● Given material
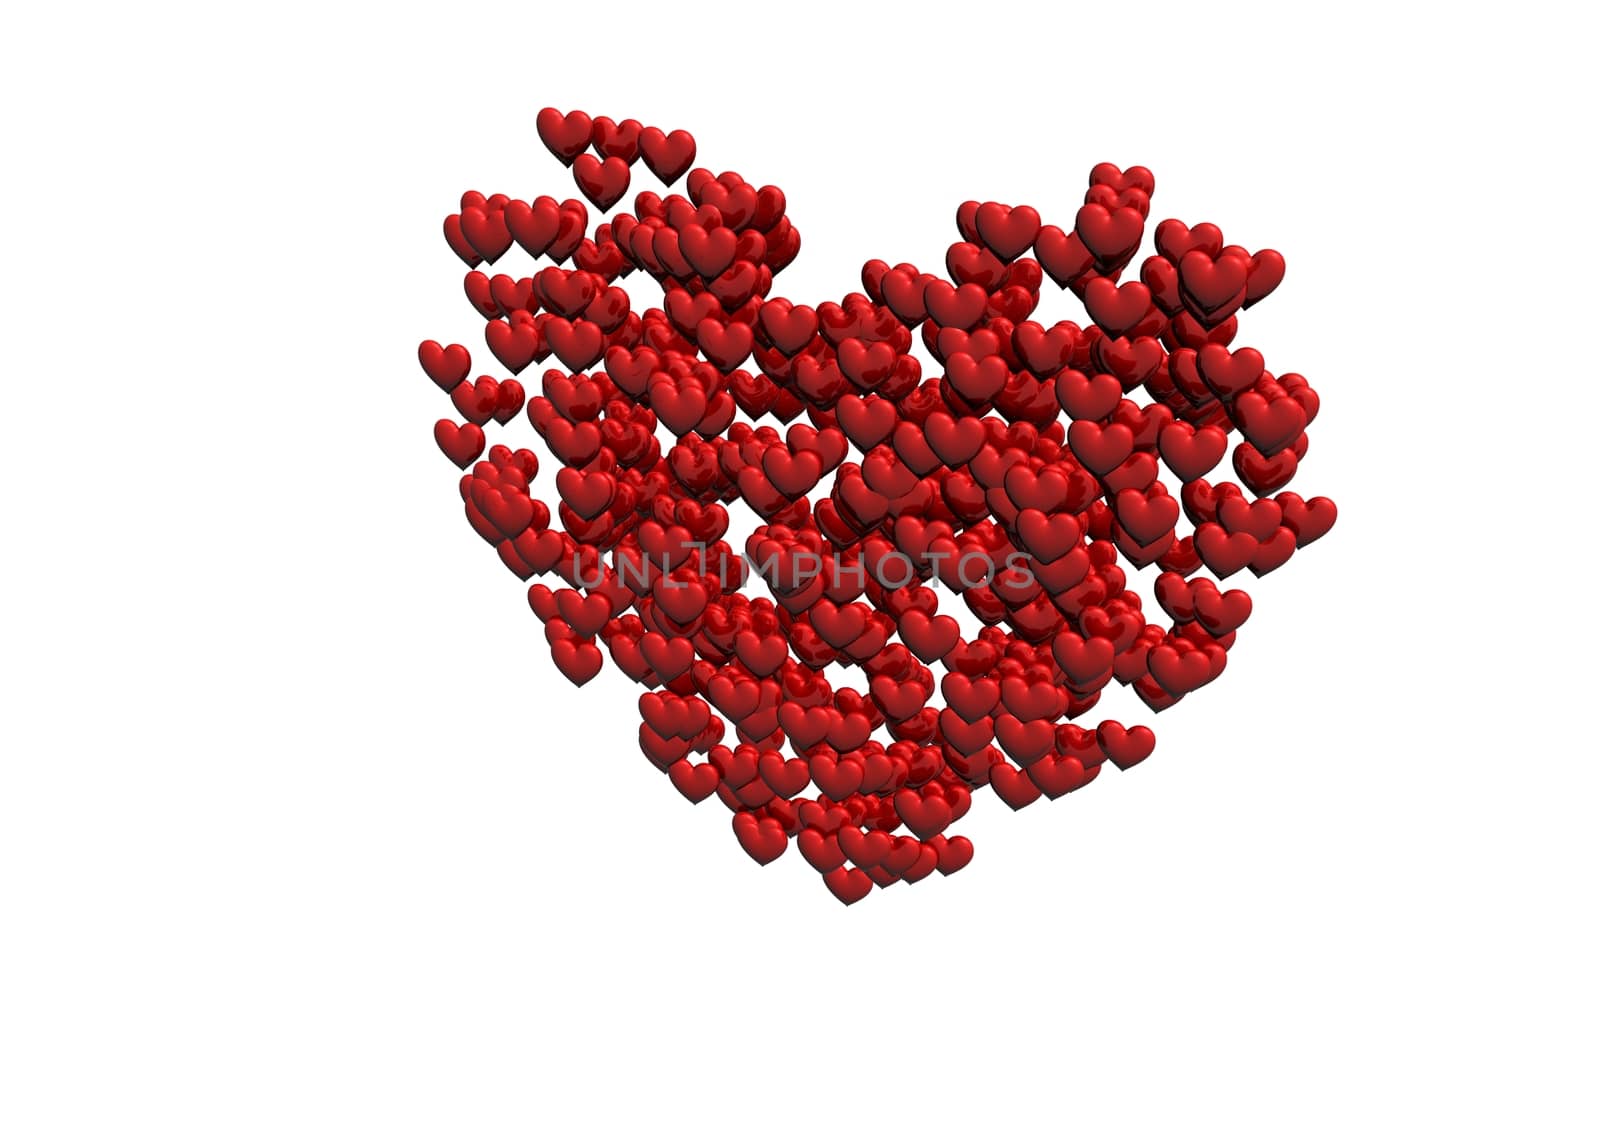 Red heart shape made of small hearts. by richter1910
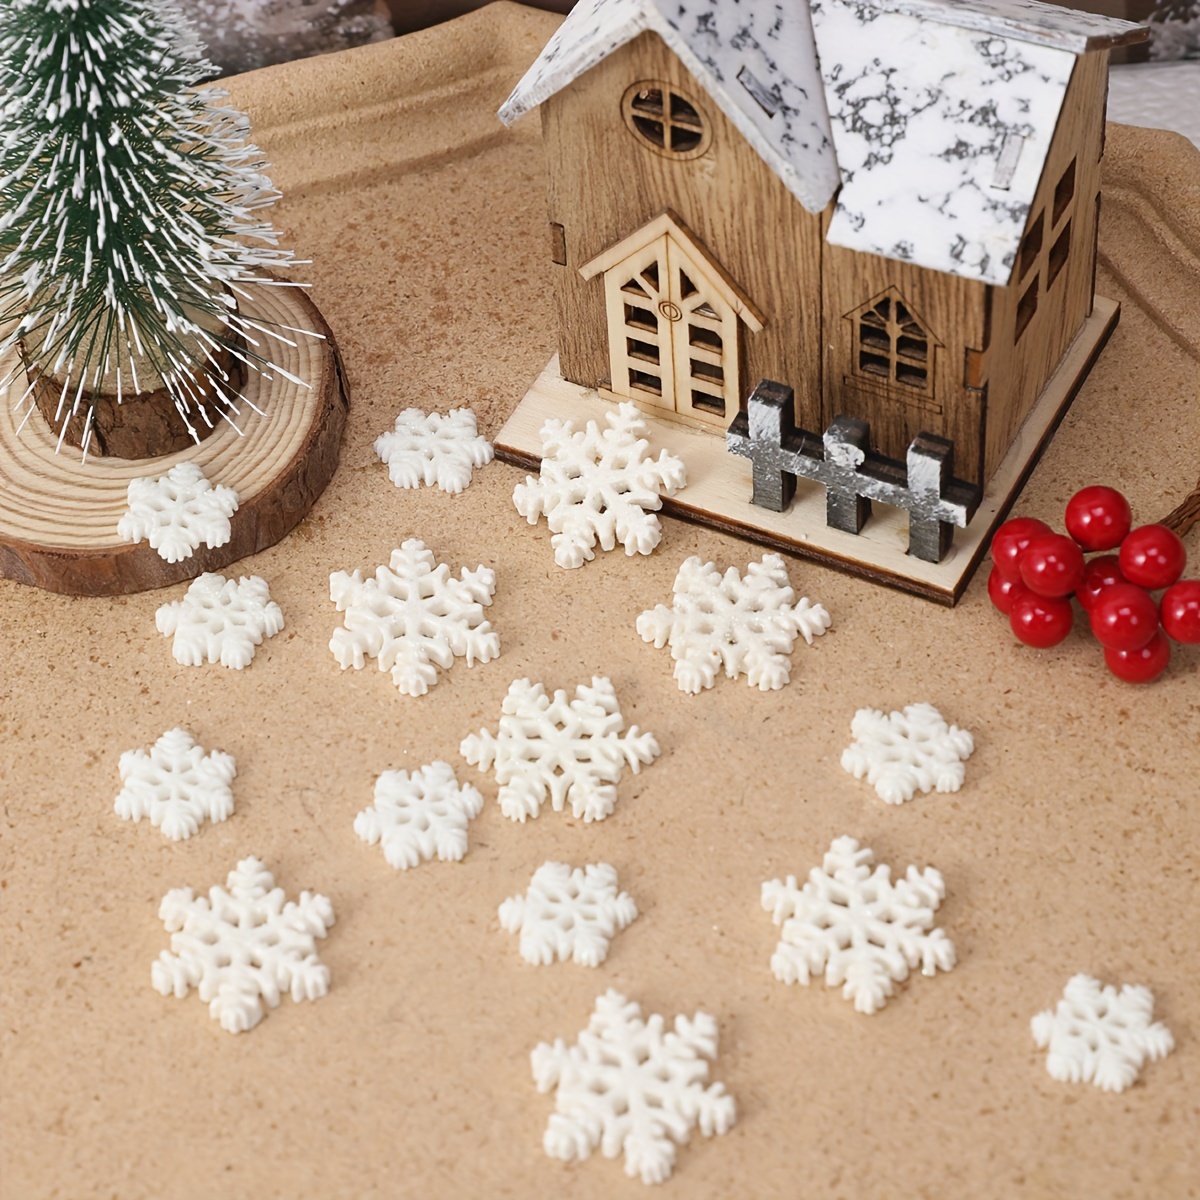 20pcs Moss Micro Landscape Ornament,Christmas Snowflakes Christmas Holiday  Decorations, Home Decoration Ornaments, (10pcs Large Snowflakes,10pcs Small
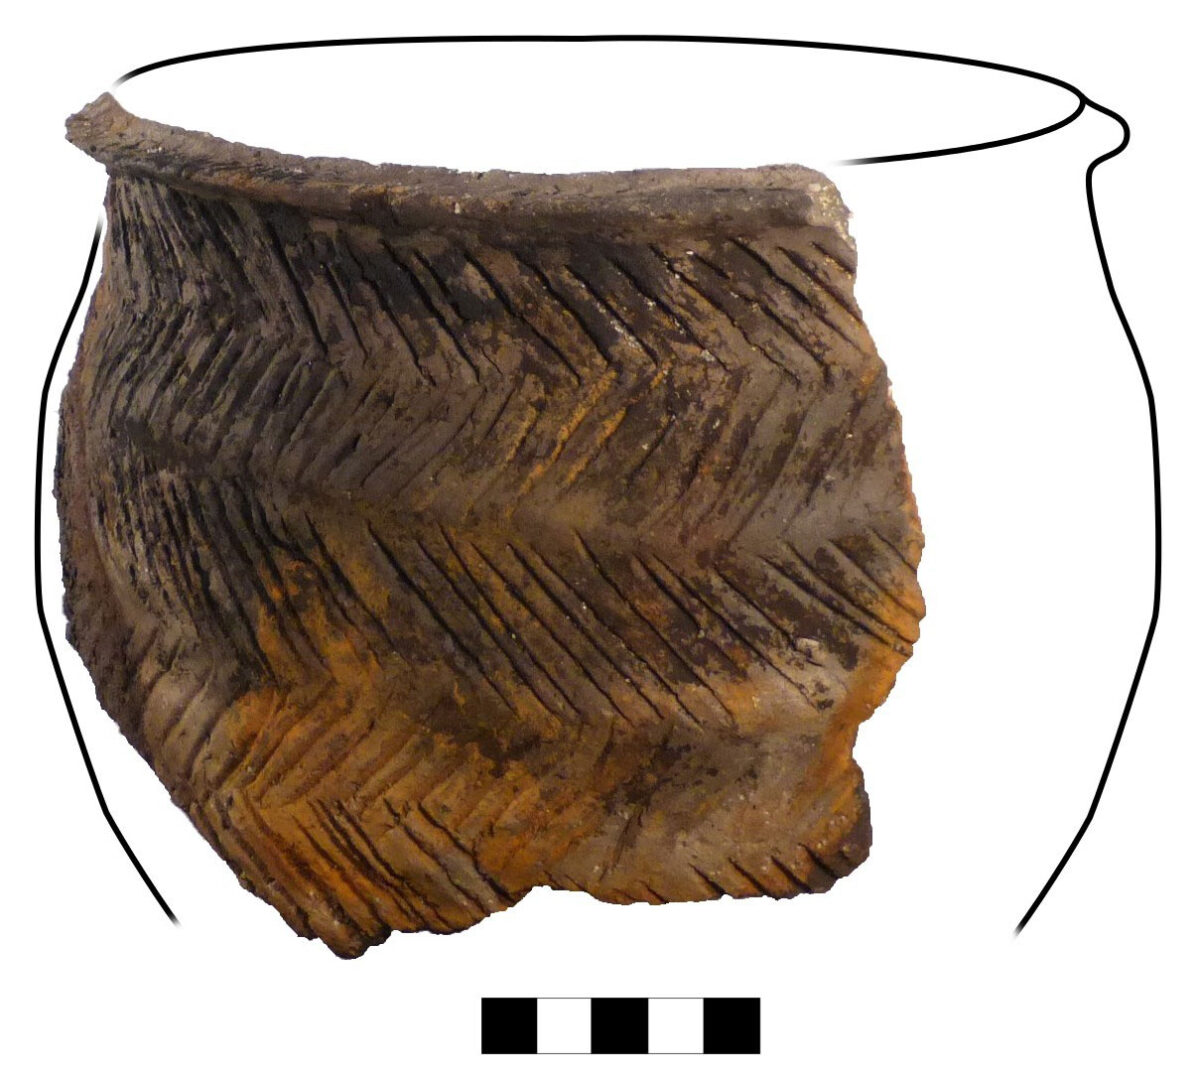 Photo reconstruction of one of the pots from Loch Langabhat. Image credit : Mike Copper

● Exercise aim
Every line of the data is to be transcribed exactly, and no picture is to be included.

● The answer
 Red heart shape made of small hearts. by richter1910
 20pcs Moss Micro Landscape Ornament,Christmas Snowflakes Christmas Holiday  Decorations, Home Decoration Ornaments, (10pcs Large Snowflakes,10pcs Small
 Photo reconstruction of one of the pots from Loch Langabhat. Image credit : Mike Copper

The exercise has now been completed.